Researchers at the Chinese University of Hong Kong (CUHK) have developed an artificial intelligence (AI) model that could help address clinical ophthalmology tasks such as disease detection and diagnosis.
The model, called VisionFM, has been shown to be effective in diagnosing and predicting various eye pathologies, which could spur the implementation of new clinical applications based on complementary data, according to a report, published on Saturday by local newspaper South China Morning Post, about a study published last month in the journal NEJM AI.
The study showed that the technology performs comparable to or better than mid-level ophthalmologists in diagnosing 12 eye diseases.
Furthermore, it outperformed the foundational model in this domain, RETFound, in predicting glaucoma progression, the researchers indicated.
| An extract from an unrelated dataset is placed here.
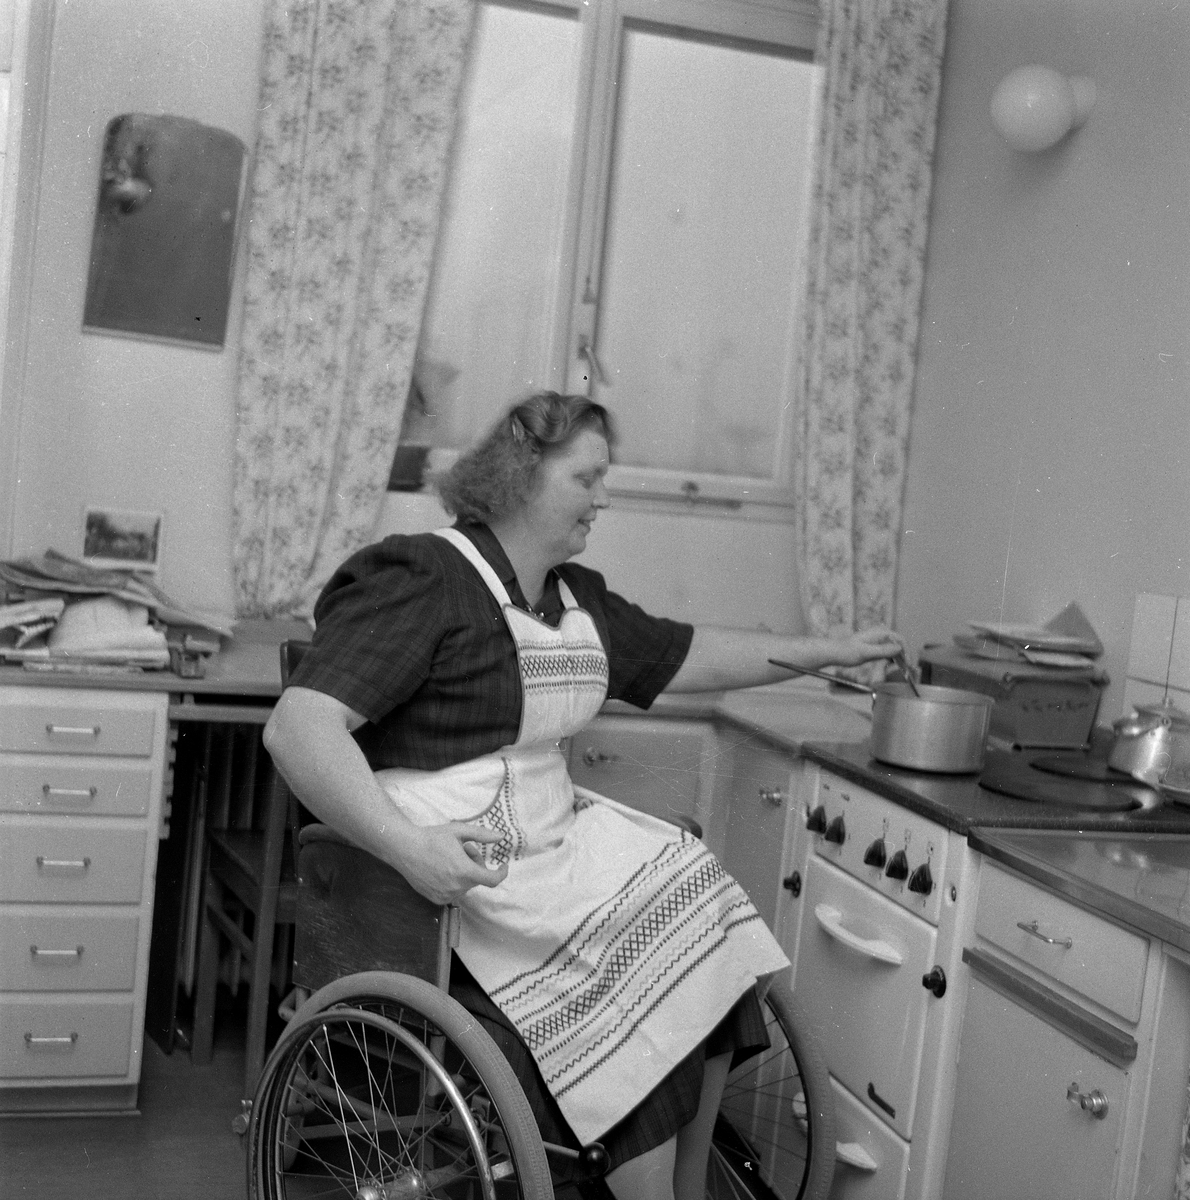 Poliomakar i Baronbacken.
17 november 1958.

Unlike many AI systems that focus on specific pathologies, VisionFM is proposed as an open-source generalist model, capable of adapting to additional datasets and new imaging modalities.
The CUHK team of scientists said the VisionFM architecture was trained using 3.4 million images from half a million patients.
One of the limitations of this system lies in the higher accuracy rate when analyzing data from China, since the training data set from this region is larger than those from other areas, he highlighted.
The study also focused on comparing the performance of this tool with ophthalmologists from the Asian giant, which suggests the need for more extensive and diverse future research involving experts from different countries.